Макрухин фактически протрезвел, но в себя еще не пришел. Голова тяжелая, в глазах туман стелется и хочется лишь одного — горизонтальное положение на сутки принять. А не получается, работать надо.
Семен потер в сотый раз глаза и опять уставился на визитку, всученную ему секретаршей вместе с пятой кружкой крепкого кофе. Золоченые буквы на кремовом фоне: Энеску Бройслав Вольдемарович, и больше ничего, ни единых координат. Что за перец с горы? Что за загадки с утра? И на хинди они ему?
Валька — дура, — недовольно глянул на секретаршу: сама разобраться не может, что ли?
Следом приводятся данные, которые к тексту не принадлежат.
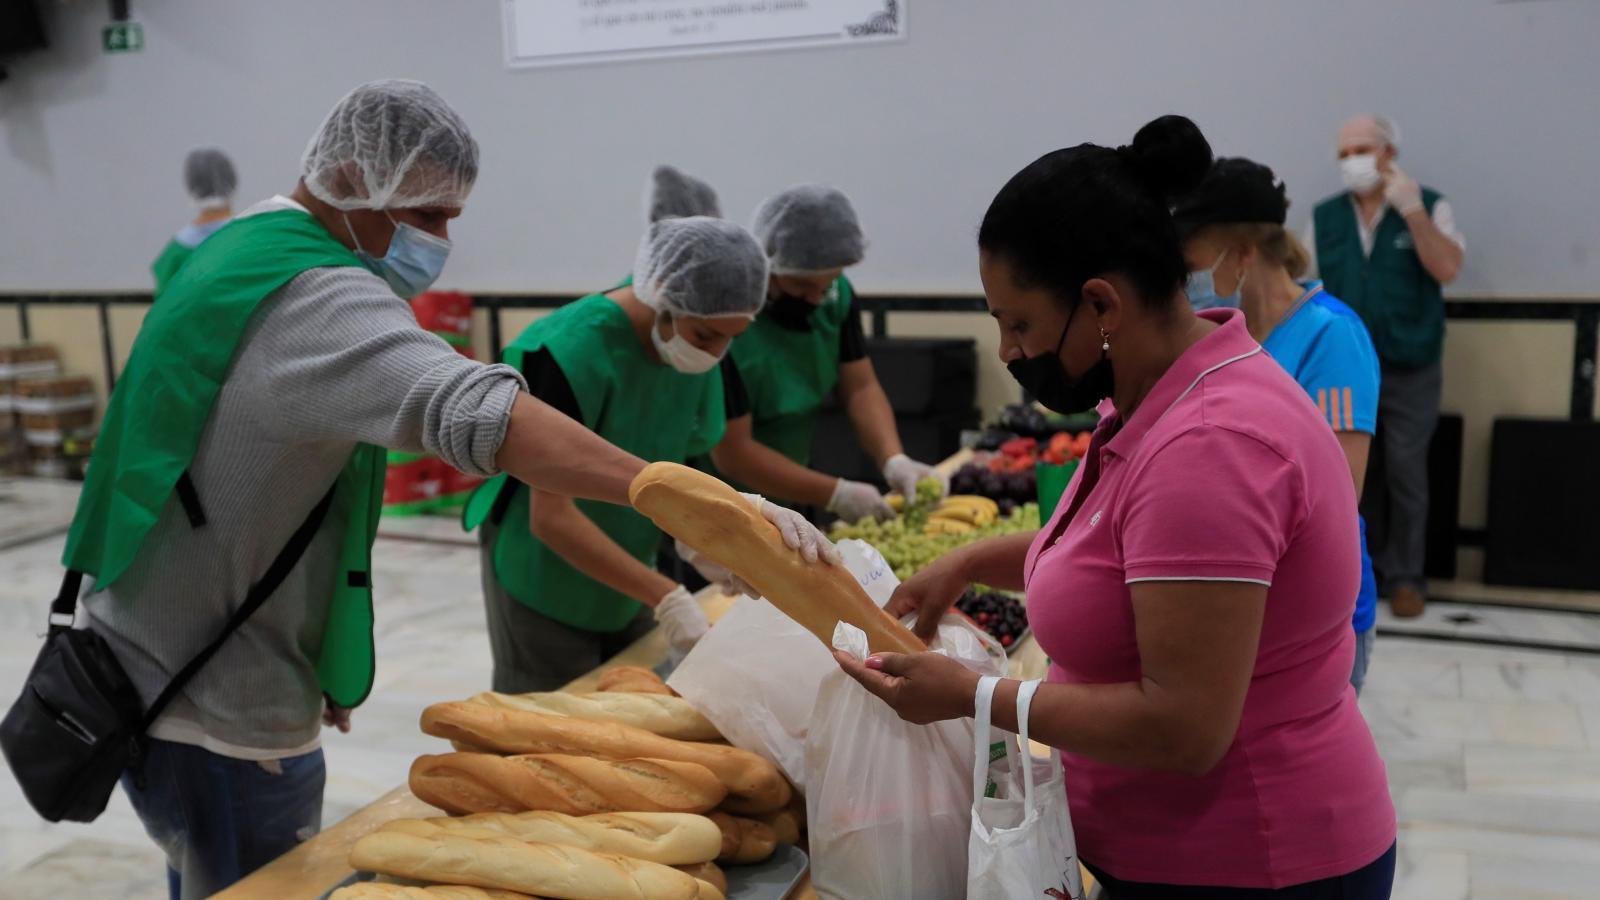 S. S. de Reyes recoge alimentos para las familias sin recursos tras la covid
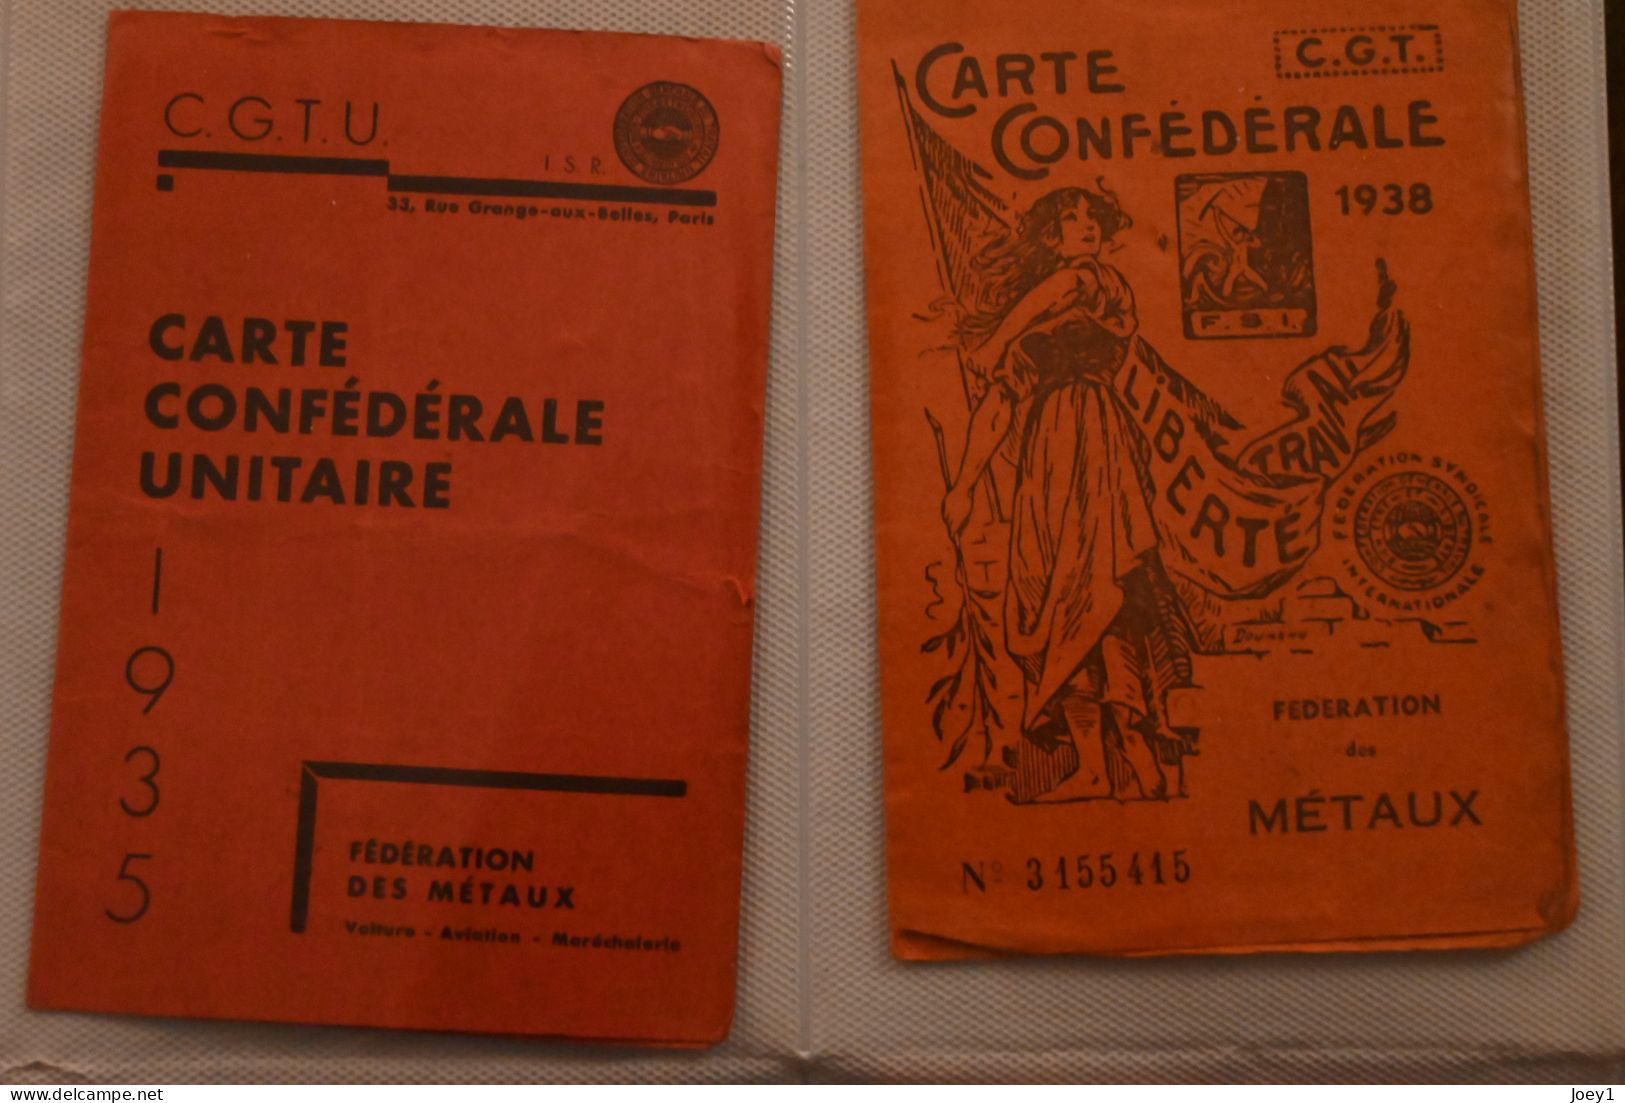 1 ensemble de carte d adhésion au parti Communiste et à la CGT de la même personne avec ses certificats de travail

Или думает шеф всех подряд с улицы принимать станет?
— А-а… не пойти ли ему в лабиринт к Минотавру, Энеску этому? — поморщился, качнув визиткой в пальцах. Рука тянулась ее в резак для мусора скинуть, а что-то внутри Макрухина останавливало.
— Семен Яковлевич, господин Энеску записался на прием три дня назад…
— Хоть три года вперед…
— Это же Орион! — качнулась к нему раздосадованная женщина: совсем спятил! И чуть кулачком ему по лбу не постучала, видя вялую работу мысли в мутных с похмелья глазах — да, очухивайся ты быстрее и шевели извилинами!
— Энеску! Точно! — Дошло! Ничего себе, какую птицу в его курятник надуло!
И вскочил:
— Придержи в приемной: коньячок там, конфеты, журналы! Мне пять минут надо!
— Хорошо, — заверила и выплыла из кабинета, готовя дежурную улыбку на ходу, а Макрухин к шкафу метнулся, костюм с рубашкой срочно менять. Бритвой зажужжал, приводя себя спешно в порядок. Если этого клиента упустить — будет последним лохом. Он, может, всю жизнь вот на таких акул рыбачил, и если срастется, получится на крючок взять… а не пошел бы Чигинцев в туман за поворотом!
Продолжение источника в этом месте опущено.